Thomas covered the billiards table and extinguished the bright, green-shaded overhead light. He put his empty glass in the sink, then thought again and fetched the cognac bottle and poured a generous measure, all the while sensing a shudder of disapproval in the room. He took a swallow, allowing the disapproval to gather. That was Florette, glaring at him from her space above the fireplace, irritated that he had drunk something before dinner and one bottle of wine during dinner and was finishing now with cognac, one, two glasses, and, still not satisfied, a third. This was insupportable. Drinking after dinner was dangerous unless you were entertaining guests. After-dinner drinking was unwholesome also, an unfortunate indulgence, in no way comme il faut. Florette was sympathetic toward the bored or the lonely or the melancholic, but not toward drinking as a solution. He tried to explain to her that drinking usually increased loneliness or melancholy but was a specific against boredom because alcohol cast a cockeyed light on your surroundings. That which was dull became vivid. That which was static became a whirlwind. Grief became hilarity because the world was skewed. Thomas turned his back on Florette's portrait and sipped his cognac. The time was midnight. He finished that glass and poured one more, turning now to give a sideways look at Florette, glaring back at her with what he hoped and believed was a rapt expression of admiration and respect.

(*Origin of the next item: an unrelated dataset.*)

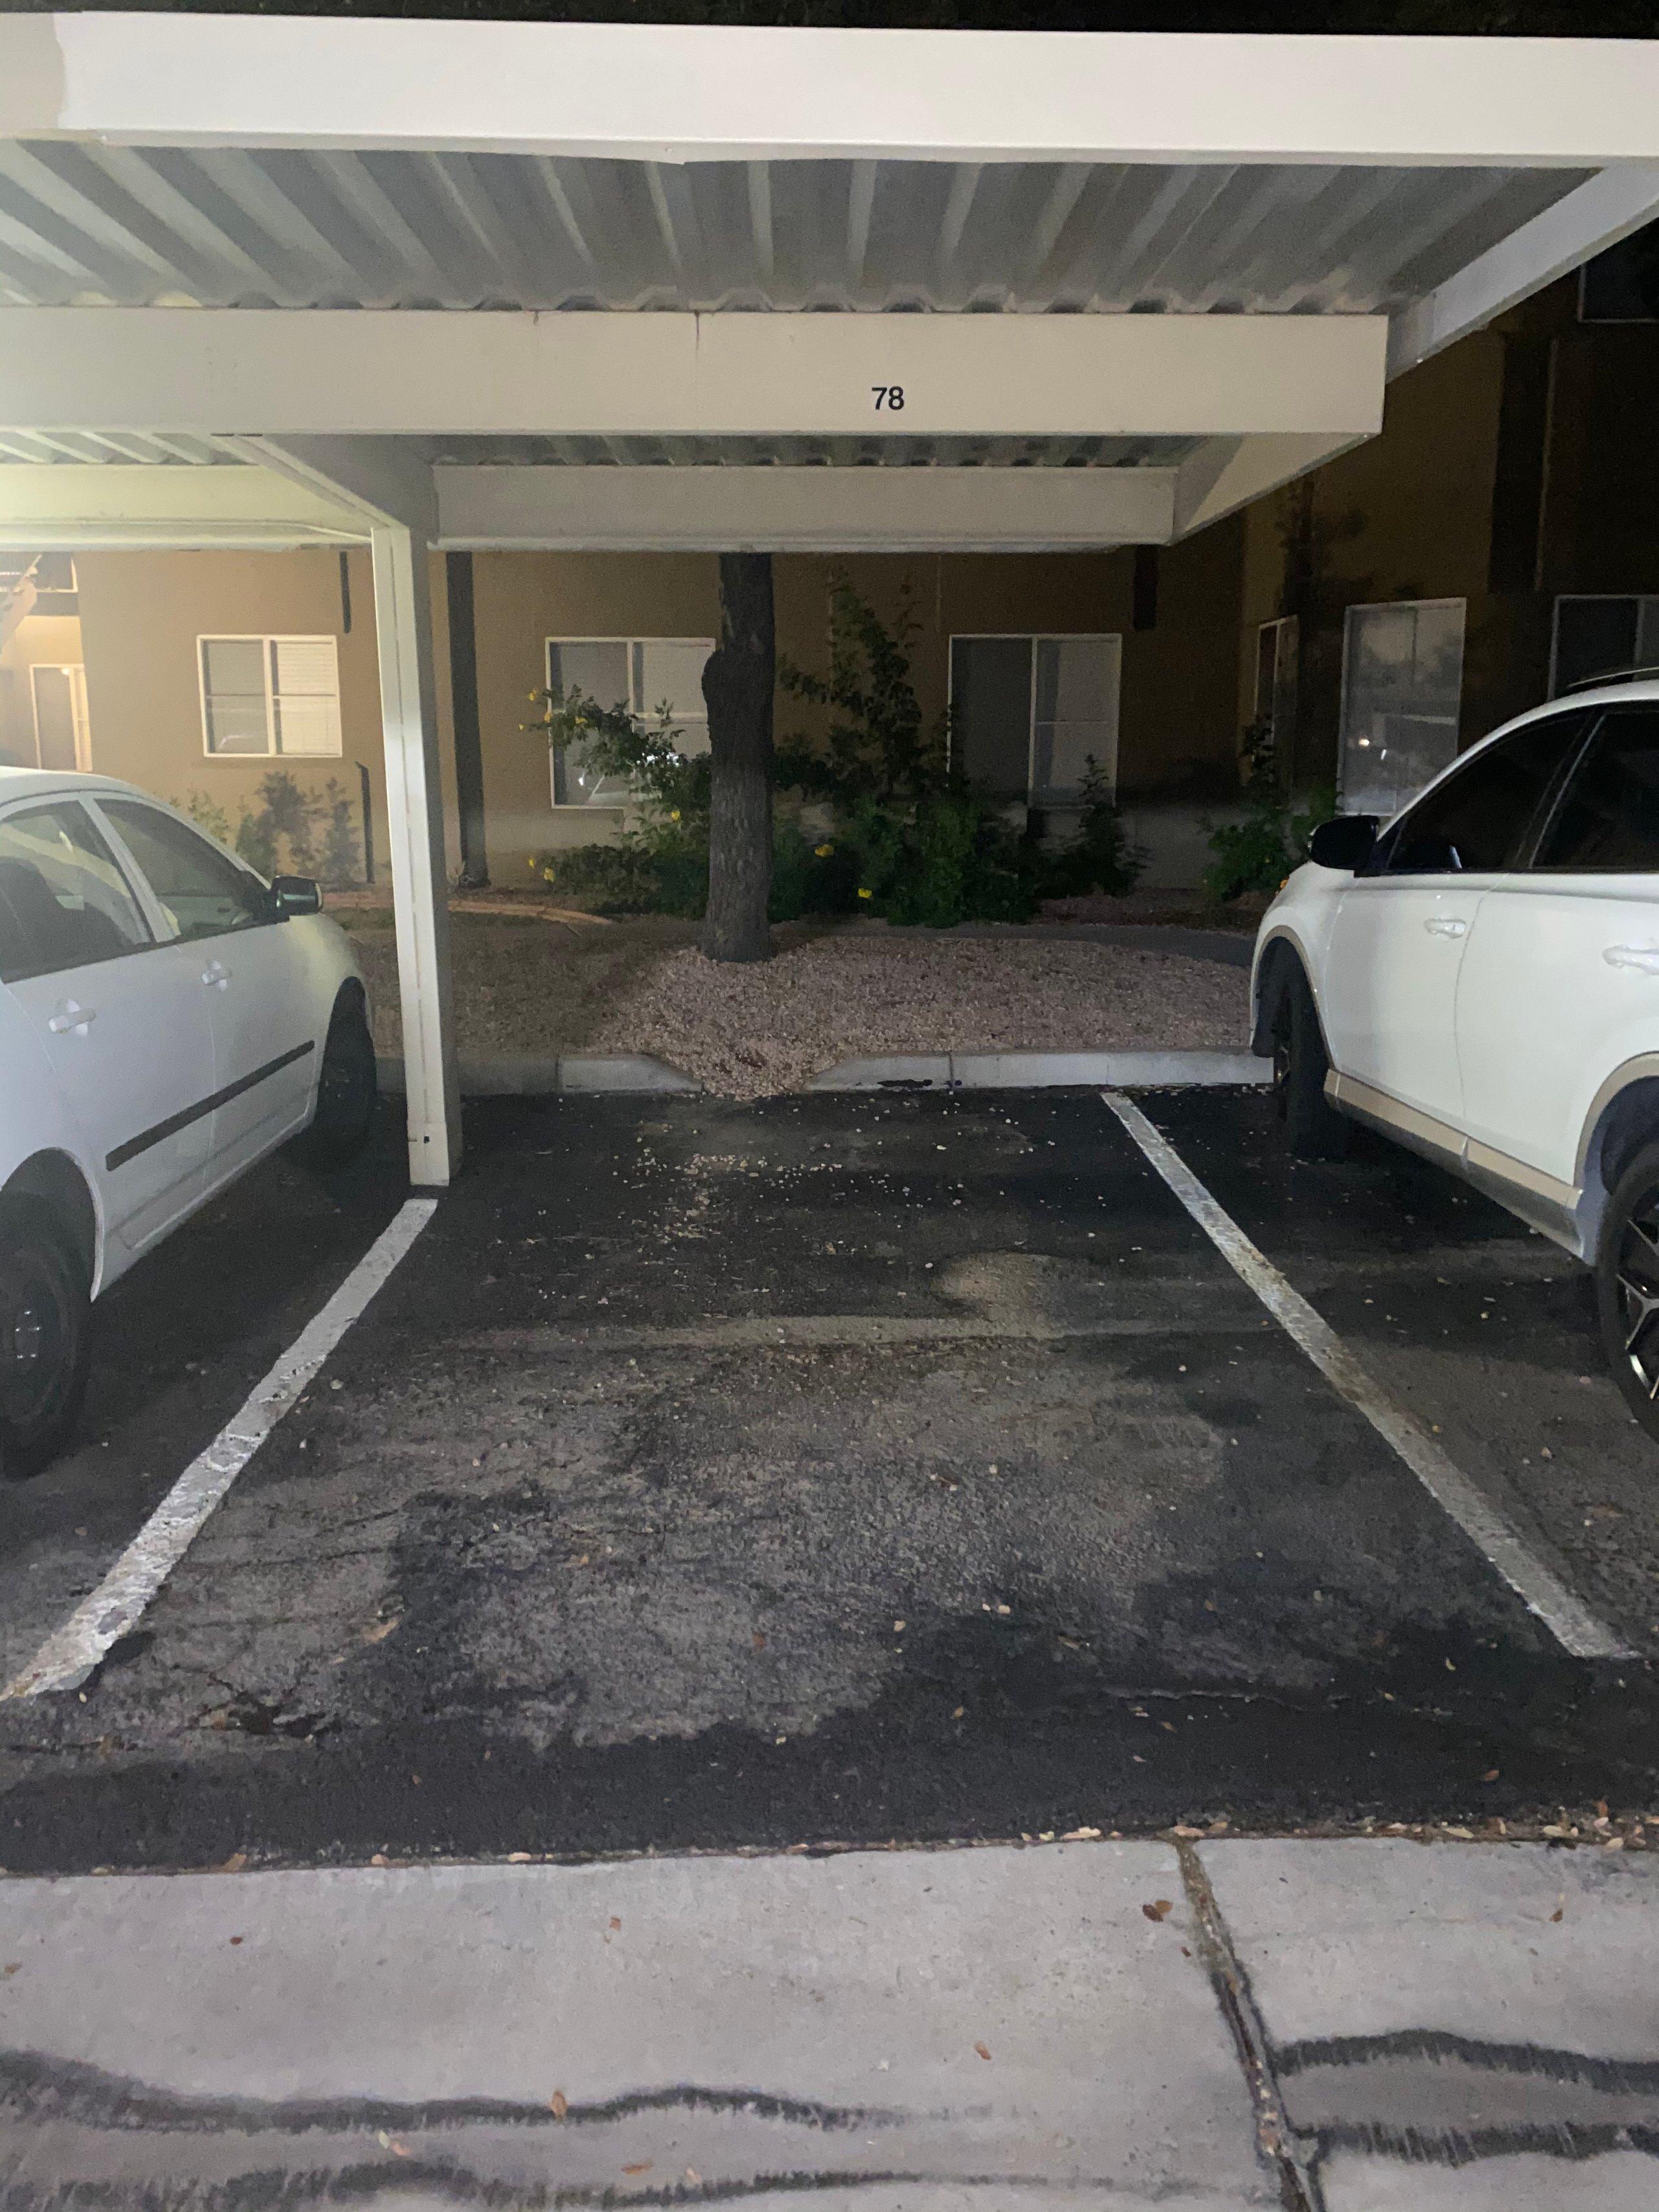 15x8 Parking Lot self storage unit

The room was in near darkness and he was happier now, filled up with cognac, living inside himself, his ghosts gathering around. Florette was there and Granger and the Slovenian bears and the appalling Victoria Granger, a repertory company obliged to follow an unfamiliar script. Thomas was writing it now as he sipped his cognac in an enviable zone of well-being, snug in a well-made house, at that moment without a worry in the world. Something came into his mind and went out again, a fugitive thought that made him smile and then laugh out loud in the empty room. The world was elsewhere and might not exist at all, an incoherent VSOP-cognac milieu
majestic in its carelessness. He tasted cognac and blew an imaginary smoke ring from an imaginary cigarette. The wind had come up, whistling loudly in the eaves, perhaps the signal of another storm, most likely not. No storms tonight. The wind produced a strange sharp sound and that was what came from living alone in an old farmhouse, ominous sounds that could put your nerves on edge if you listened carefully enough and paid attention, something he had no intention of doing, conjuring trespassers in the shadows—and then Thomas understood that the telephone was ringing, one bleat after another, six, seven, eight bleats, and sudden silence as the answering machine connected and he heard his own voice and after a pause the voice of another, not at all welcome at this hour. He had not received a telephone call in days.